We tried asking my mom multiple times if we could date, she always said no and never told me why. So he told me to hide it, so I would delete messages and it was fine until mom found our messages and grounded me from my phone and didn’t let me go to youth group for a few months. So we stopped talking and that was that… At least for a while… That was only the beginning of the issues with guys and it was a long beginning, but in order to give you a fair backstory, I had to start at the beginning. After a repetitive pattern of finding guys who my mother did not approve of in a matter of only two years, and at my young age not understanding why, I went to the internet. Have you ever heard of the phrase, “nothing good ever comes from the internet?” Well in my case, no good guy ever came from the internet.

I was 14 when I decided to go online and I met a boy named Damion. We decided to meet in person, at my church. Long story short, we ended up dating for several months. The summer we were together, we were trimming the trees and bushes in my backyard. I laid down on a towel for a few minutes from being exhausted, without going into detail, that is where I was orally raped. I had said no, but he refused to acknowledge it. I was scared, and he was much larger and much stronger than me so I did not scream, instead, I just cried.

That same day, but later in the day, we were in my kitchen. My mother was downstairs. For some reason he asked this time, he asked if we could have sex in my kitchen while my mother was right down the stairs. I said no; he asked again; I said no; he asked again; I said no; he asked again; I said no; he asked again; I said whatever. Does that sound like a yes to you? It somehow did to him, and without going into more detail, that is when I was first penetrated raped. My parents eventually found out and we called the authorities on him, he was not put away. Again I ask, did that sound like a yes to you? It somehow did to the authorities.
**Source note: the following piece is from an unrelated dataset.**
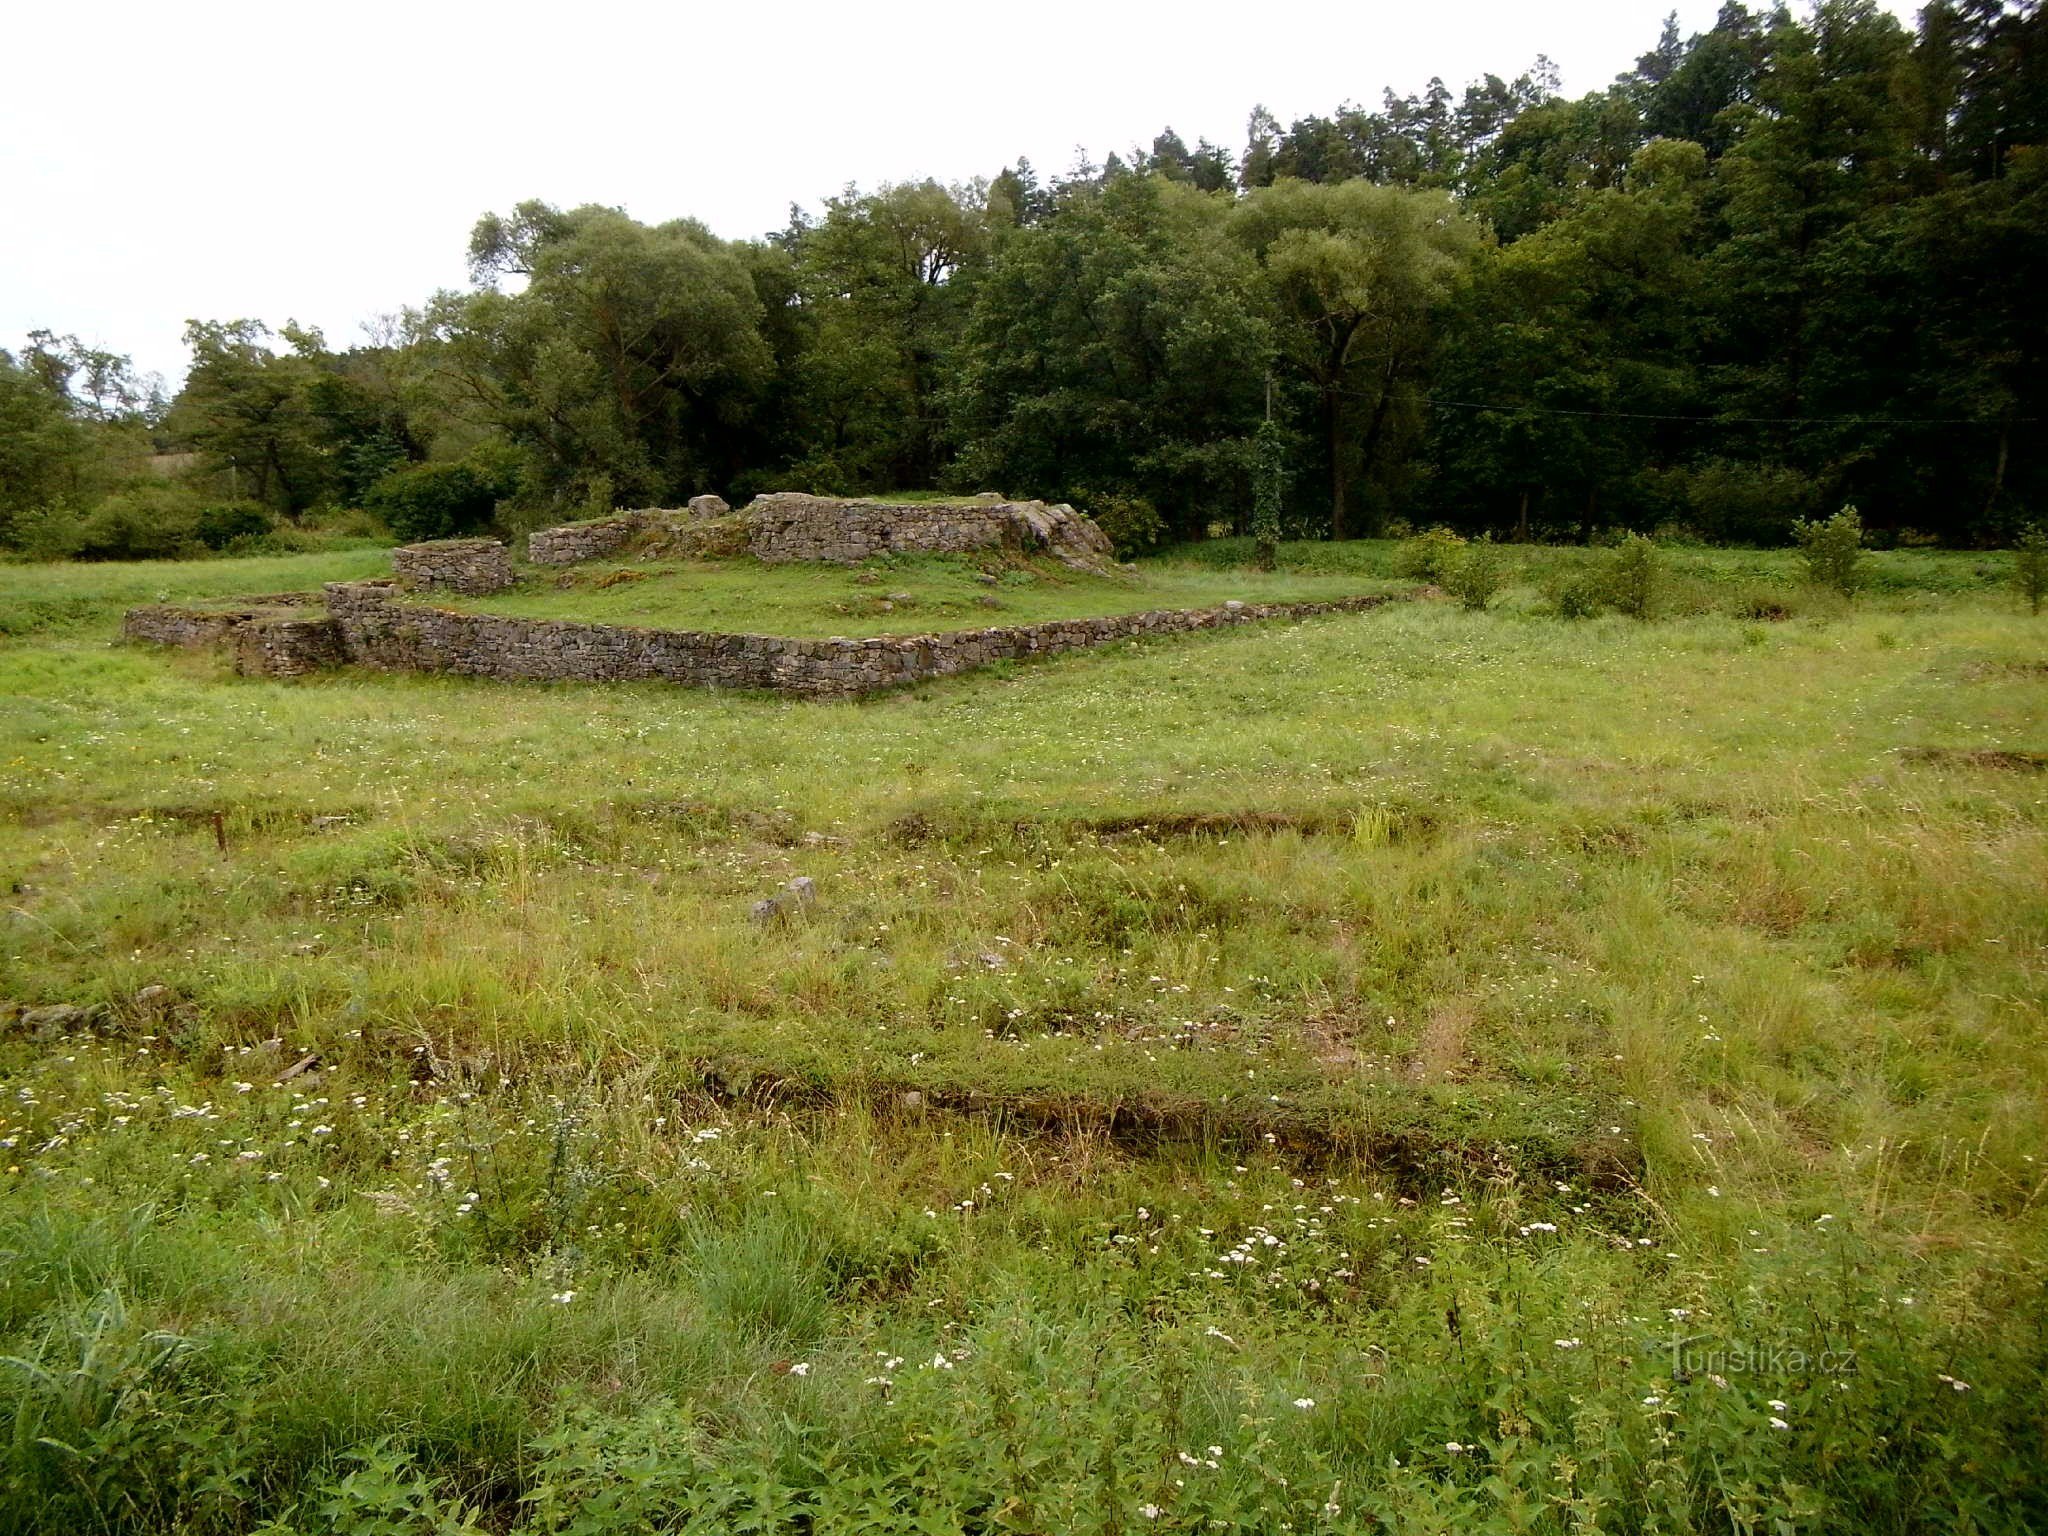 De Hrotovice a Hrotovice a través del extinto asentamiento de Mstěnice
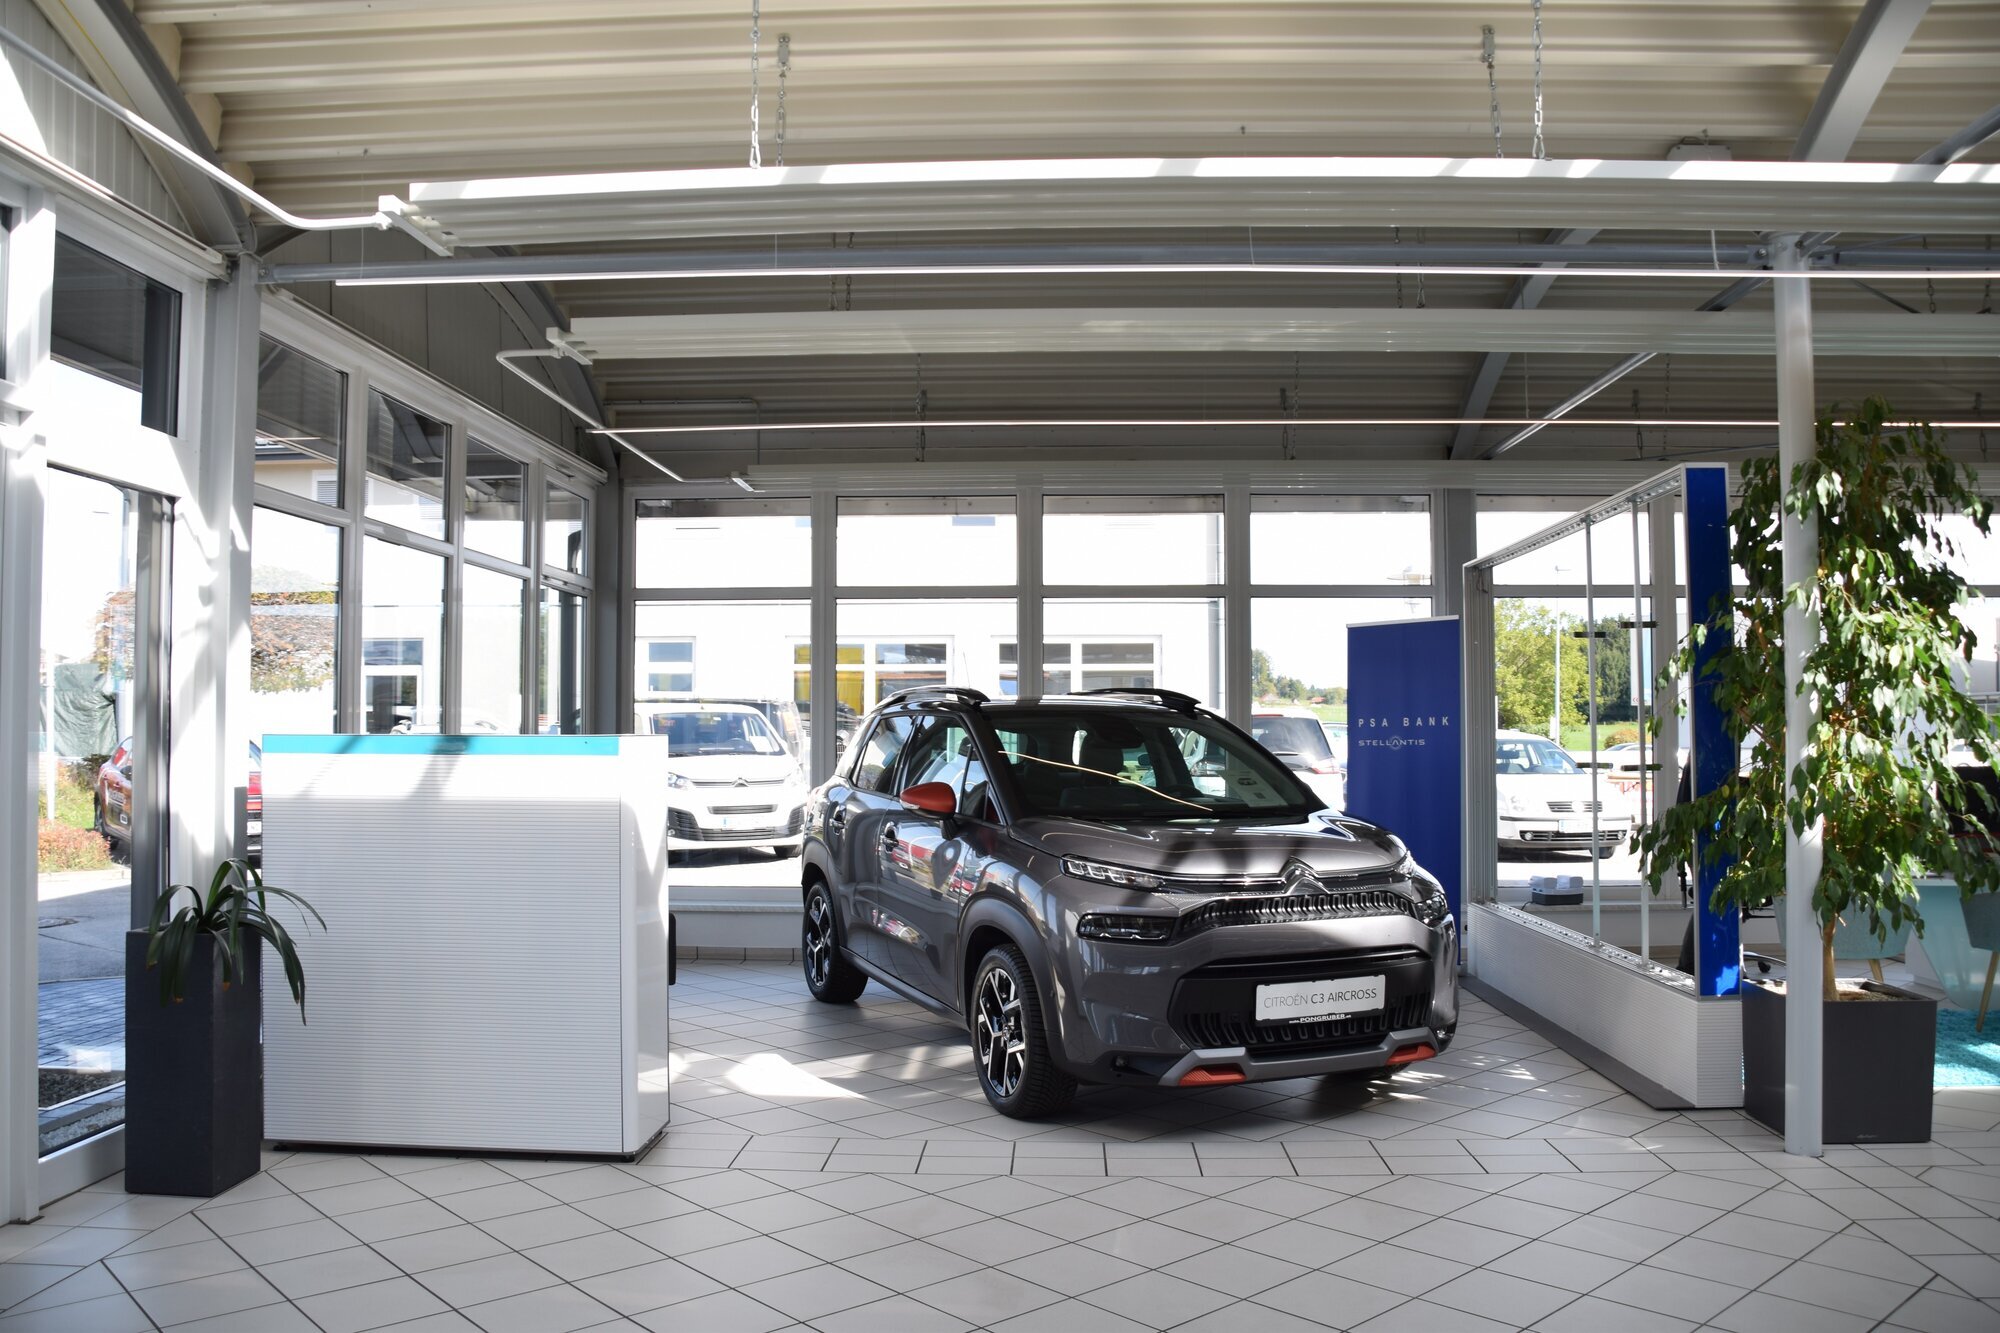 Bilder PONGRUBER Auto-Familie - Citroen und Opel Vertragspartner in Salzburg

Again, I chose to meet this guy at my church; his name was Kevin. He was abusive physically and mentally. I was not allowed to have friends who were guys. I was not allowed to go anywhere without telling him first. I was not allowed to talk to anyone about the rules he gave me, and these three mentioned are nowhere near the end of that list. If I strayed from the list then I did not love him and without my love, he would not possibly live, so he would attempt to kill himself. If I did not have sex with him, he would grab a knife or a gun and he would threaten to kill himself. I did not hide these facts from my peers at my school.

I did not hide how abusive Kevin was from my classmates, I was hoping that someone would help me. Their version of “help” was that they would tell me how much of a slut I was. I was a slut because I was raped and I was “letting it happen” instead of stopping it. They told me I was ugly, damaged goods and that I would never amount to anything. I was told that I deserved what I got. After hearing all of that, I beg you to tell me, why on earth would someone belittle someone else who felt as though they had no control over their situation?

The sad thing is that it happens every day, people belittle others about qualities that a person has no control over. Horrifically enough, this issue will probably not be solved, but people can individually choose to be kinder to others and that can help. It’s not a solution for the world, but a solution for the hundreds of people that person who decides to be kinder will encounter for the rest of their life. I’ve chosen that road; I’ve chosen the road of being kinder to other people whether I know their situation or not. With that decision, I have found peace and happiness and all is okay now; all is better than okay.